WHAT NEEDS TO BE DONE: Reproduce the records below exactly, but only between the lines holding "Antike Original Öl auf Leinwand Gemälde" and "Zapatos de novio", inclusive.

┌──

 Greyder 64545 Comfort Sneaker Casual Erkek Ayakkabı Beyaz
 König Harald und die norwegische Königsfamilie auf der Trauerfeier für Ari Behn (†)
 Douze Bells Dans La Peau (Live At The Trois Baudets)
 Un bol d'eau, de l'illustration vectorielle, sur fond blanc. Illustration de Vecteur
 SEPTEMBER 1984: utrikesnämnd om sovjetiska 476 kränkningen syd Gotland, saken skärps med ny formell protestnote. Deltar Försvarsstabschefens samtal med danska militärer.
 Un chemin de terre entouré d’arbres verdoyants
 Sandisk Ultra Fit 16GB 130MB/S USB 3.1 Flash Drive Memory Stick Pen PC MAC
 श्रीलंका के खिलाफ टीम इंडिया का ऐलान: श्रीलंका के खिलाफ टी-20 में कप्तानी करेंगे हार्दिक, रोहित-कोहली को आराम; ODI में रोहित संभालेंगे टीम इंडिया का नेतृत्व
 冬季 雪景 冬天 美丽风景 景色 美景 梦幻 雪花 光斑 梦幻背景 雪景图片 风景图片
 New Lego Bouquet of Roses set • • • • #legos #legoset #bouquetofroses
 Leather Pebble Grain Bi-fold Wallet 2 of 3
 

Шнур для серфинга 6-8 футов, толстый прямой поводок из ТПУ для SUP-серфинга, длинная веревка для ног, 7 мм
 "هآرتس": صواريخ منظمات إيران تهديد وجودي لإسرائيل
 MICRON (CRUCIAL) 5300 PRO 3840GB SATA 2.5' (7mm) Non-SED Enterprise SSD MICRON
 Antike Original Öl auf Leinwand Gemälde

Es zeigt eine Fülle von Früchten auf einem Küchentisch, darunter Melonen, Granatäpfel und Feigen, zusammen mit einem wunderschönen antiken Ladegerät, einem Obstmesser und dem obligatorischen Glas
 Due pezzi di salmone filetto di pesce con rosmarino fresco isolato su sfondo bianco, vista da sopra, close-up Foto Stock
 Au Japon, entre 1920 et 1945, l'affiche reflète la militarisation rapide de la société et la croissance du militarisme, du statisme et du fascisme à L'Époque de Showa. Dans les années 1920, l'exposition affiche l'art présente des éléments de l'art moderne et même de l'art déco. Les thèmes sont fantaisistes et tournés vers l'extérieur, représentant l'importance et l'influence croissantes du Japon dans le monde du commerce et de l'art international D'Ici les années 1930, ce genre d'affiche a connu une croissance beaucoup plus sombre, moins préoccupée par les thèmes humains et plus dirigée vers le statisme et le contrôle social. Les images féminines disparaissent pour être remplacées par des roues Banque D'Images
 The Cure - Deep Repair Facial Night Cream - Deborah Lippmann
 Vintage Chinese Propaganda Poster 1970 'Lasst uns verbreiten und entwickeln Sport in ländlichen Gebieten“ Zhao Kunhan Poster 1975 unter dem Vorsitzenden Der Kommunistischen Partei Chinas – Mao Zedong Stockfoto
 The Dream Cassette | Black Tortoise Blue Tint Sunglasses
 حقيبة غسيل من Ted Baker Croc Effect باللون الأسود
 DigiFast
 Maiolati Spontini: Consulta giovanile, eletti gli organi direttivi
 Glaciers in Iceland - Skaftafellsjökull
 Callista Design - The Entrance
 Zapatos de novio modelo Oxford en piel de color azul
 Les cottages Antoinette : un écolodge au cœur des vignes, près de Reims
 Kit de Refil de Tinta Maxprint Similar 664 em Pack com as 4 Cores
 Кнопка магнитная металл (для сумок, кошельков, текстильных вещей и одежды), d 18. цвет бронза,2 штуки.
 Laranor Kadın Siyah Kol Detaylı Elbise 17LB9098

└──

YOUR SOLUTION:
 Antike Original Öl auf Leinwand Gemälde

Es zeigt eine Fülle von Früchten auf einem Küchentisch, darunter Melonen, Granatäpfel und Feigen, zusammen mit einem wunderschönen antiken Ladegerät, einem Obstmesser und dem obligatorischen Glas
 Due pezzi di salmone filetto di pesce con rosmarino fresco isolato su sfondo bianco, vista da sopra, close-up Foto Stock
 Au Japon, entre 1920 et 1945, l'affiche reflète la militarisation rapide de la société et la croissance du militarisme, du statisme et du fascisme à L'Époque de Showa. Dans les années 1920, l'exposition affiche l'art présente des éléments de l'art moderne et même de l'art déco. Les thèmes sont fantaisistes et tournés vers l'extérieur, représentant l'importance et l'influence croissantes du Japon dans le monde du commerce et de l'art international D'Ici les années 1930, ce genre d'affiche a connu une croissance beaucoup plus sombre, moins préoccupée par les thèmes humains et plus dirigée vers le statisme et le contrôle social. Les images féminines disparaissent pour être remplacées par des roues Banque D'Images
 The Cure - Deep Repair Facial Night Cream - Deborah Lippmann
 Vintage Chinese Propaganda Poster 1970 'Lasst uns verbreiten und entwickeln Sport in ländlichen Gebieten“ Zhao Kunhan Poster 1975 unter dem Vorsitzenden Der Kommunistischen Partei Chinas – Mao Zedong Stockfoto
 The Dream Cassette | Black Tortoise Blue Tint Sunglasses
 حقيبة غسيل من Ted Baker Croc Effect باللون الأسود
 DigiFast
 Maiolati Spontini: Consulta giovanile, eletti gli organi direttivi
 Glaciers in Iceland - Skaftafellsjökull
 Callista Design - The Entrance
 Zapatos de novio modelo Oxford en piel de color azul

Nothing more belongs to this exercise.